Water composition and quality varies widely between regions and catchments around New Zealand, even where there are similar land uses and pressures on the surrounding land. This is due to the influence of natural landscape features, which can account for more than twice the variability in water quality than land use alone. Therefore, it’s important to include landscape attributes in explanations for water quality outcomes.

Physiographic science works ‘backwards’, using water composition to trace the water’s journey back through the landscape to understand the landscape controls over water composition, and hence quality.

Physiographic Environments of New Zealand (PENZ) researchers are using national and regional water composition and quality data sets, in conjunction with existing geospatial layers, to map and numerically model the processes that control the spatial variability of water. The method brings together data for climate, topography, geology, soils, and hydrological controls with analytical chemistry at a national scale.
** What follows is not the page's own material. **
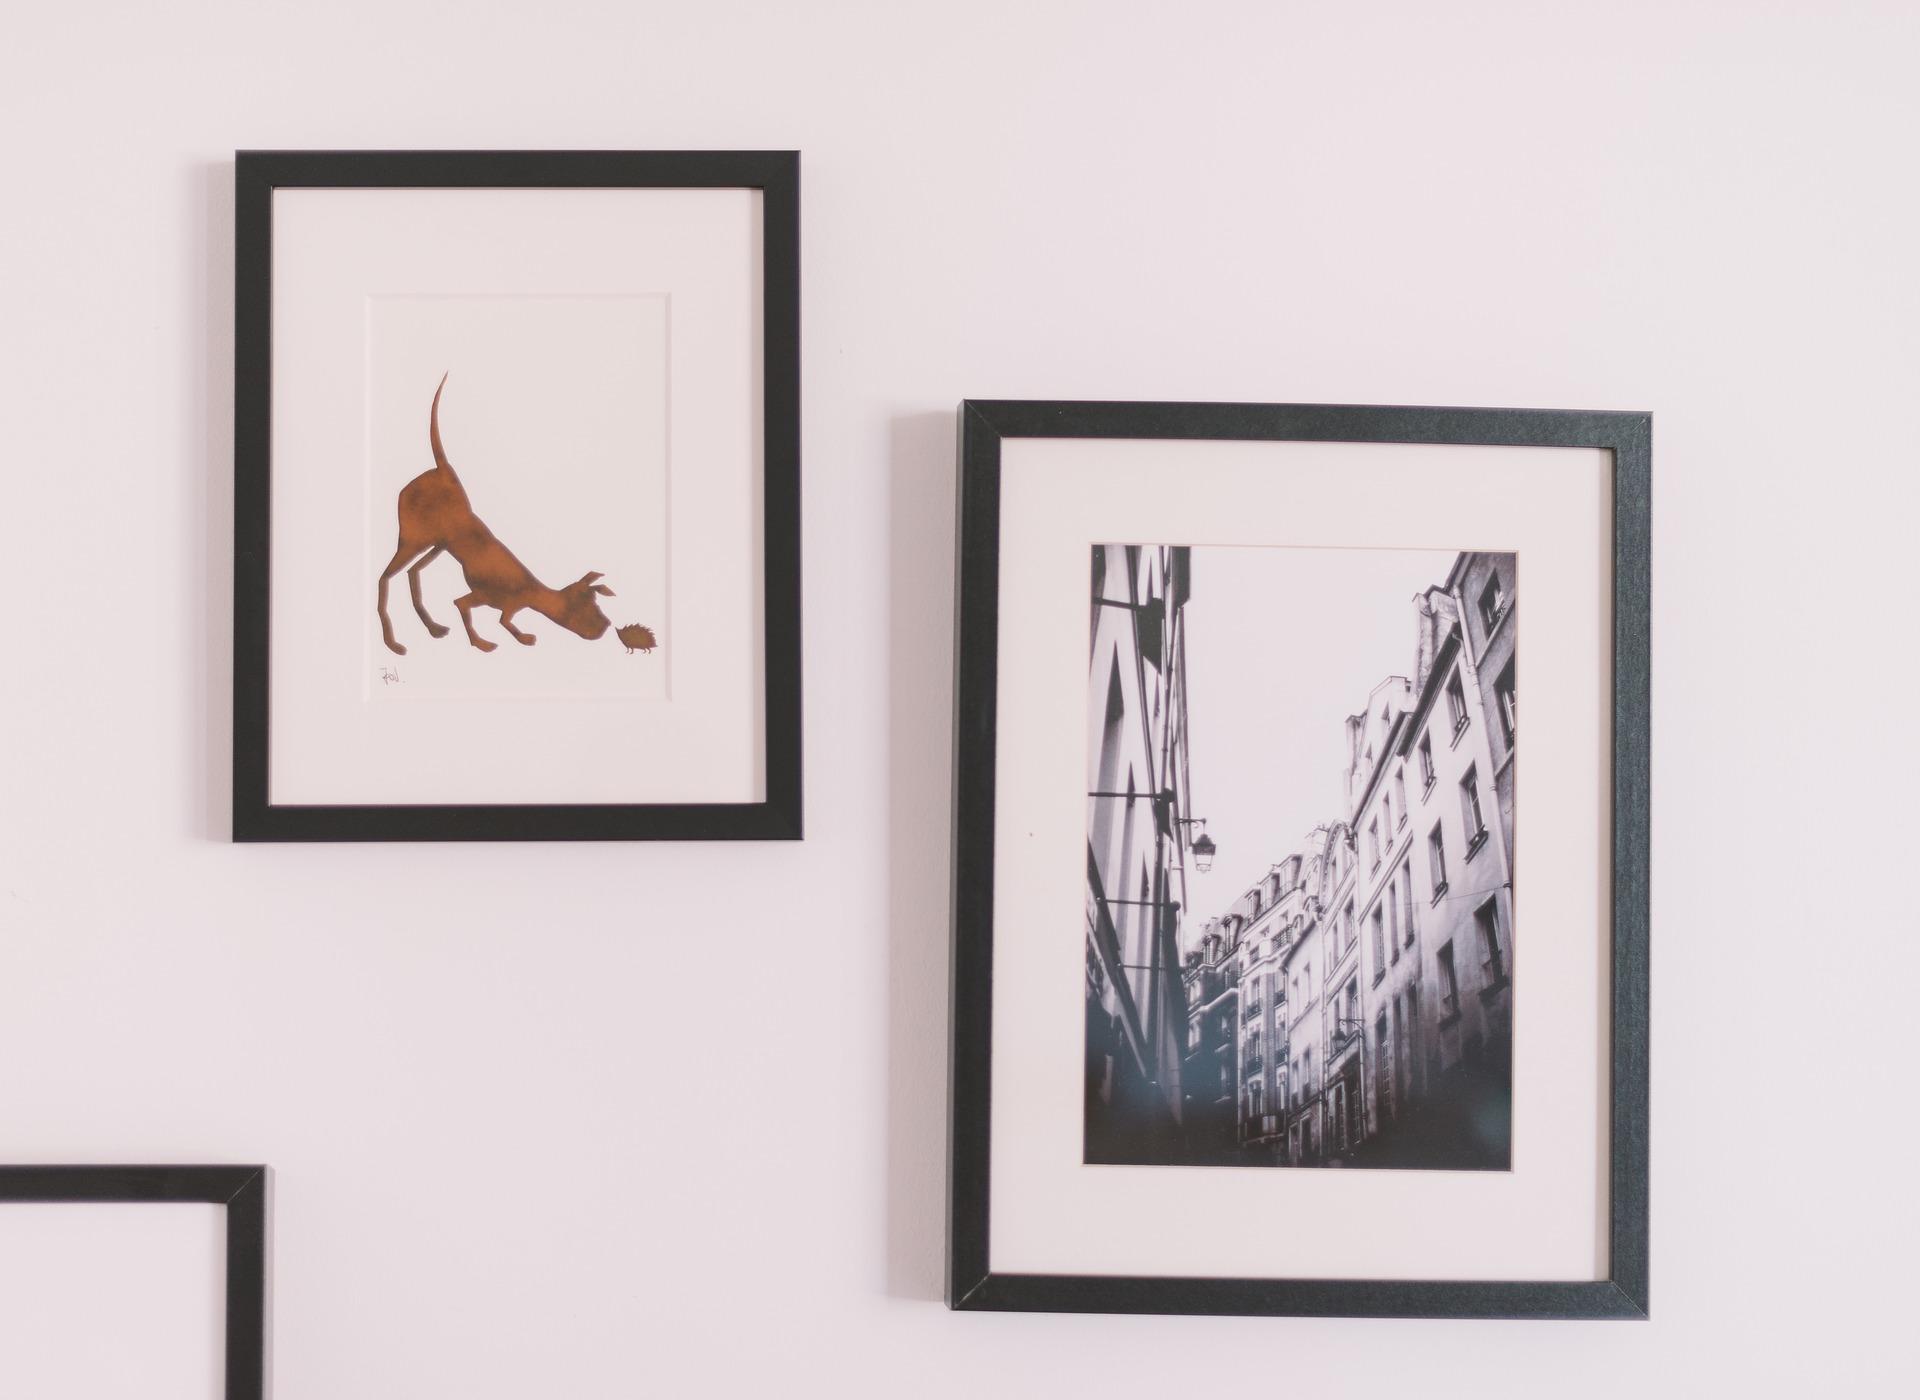 Wie lade ich Bilder auf meiner Jimdo Seite hoch?

How can the research be used? Ka pēhea e whai take ai te rangahau?

  • Regional and district councils (Northland, Auckland, Waikato, Bay of Plenty, Horizons, Canterbury, Southland) are sharing data and collaborating to develop and apply the physiographic approach to their regions.
  • Physiographic outputs have been loaded into Northland Regional Council’s ESRI Collector software suite in order to support the council’s farm, forestry and biodiversity extension teams in the field.
  • An aligned MPI Sustainable Farming Fund project, Farmer Interface for Physiographic Environments, is underway to provide physiographic maps to farmers. A web-based map is being co-developed with a wide range of collaborators including farmers and industry representatives: Foundation of Arable Research, Deer Industry New Zealand, Ravensdown, Ballance Agri-Nutrients, Living Water, Southland Economic Development Agency, Environment Southland. The key aim is to educate farmers on how contaminants (N, P, sediment and faecal microbes) leave their land so that they can make well-informed land use decisions to reduce losses.
  • Fonterra farm extension advisors are using the method to tailor their evolved Sustainable Dairying Programme (Tiaki). Specifically, calibrating farm extension initiatives to the physiographic setting, in order to implement the most effective and least cost steps towards minimising environmental contamination from farms.
  • A collaboration with Living Water (a Fonterra and Department of Conservation partnership) allowed the research team to apply the physiographic method to the Waituna Catchment. This work enabled a significant amount of method development to be undertaken and tested. Fonterra has now incorpoarted physiographic information into the Tiaki Farm Source model within the Waituna Catchment, in order to provide more targeted advice to its suppliers and inform farm environment plans.
  • Physiographic science is now being taught through Lincoln University’s third-year soil science course.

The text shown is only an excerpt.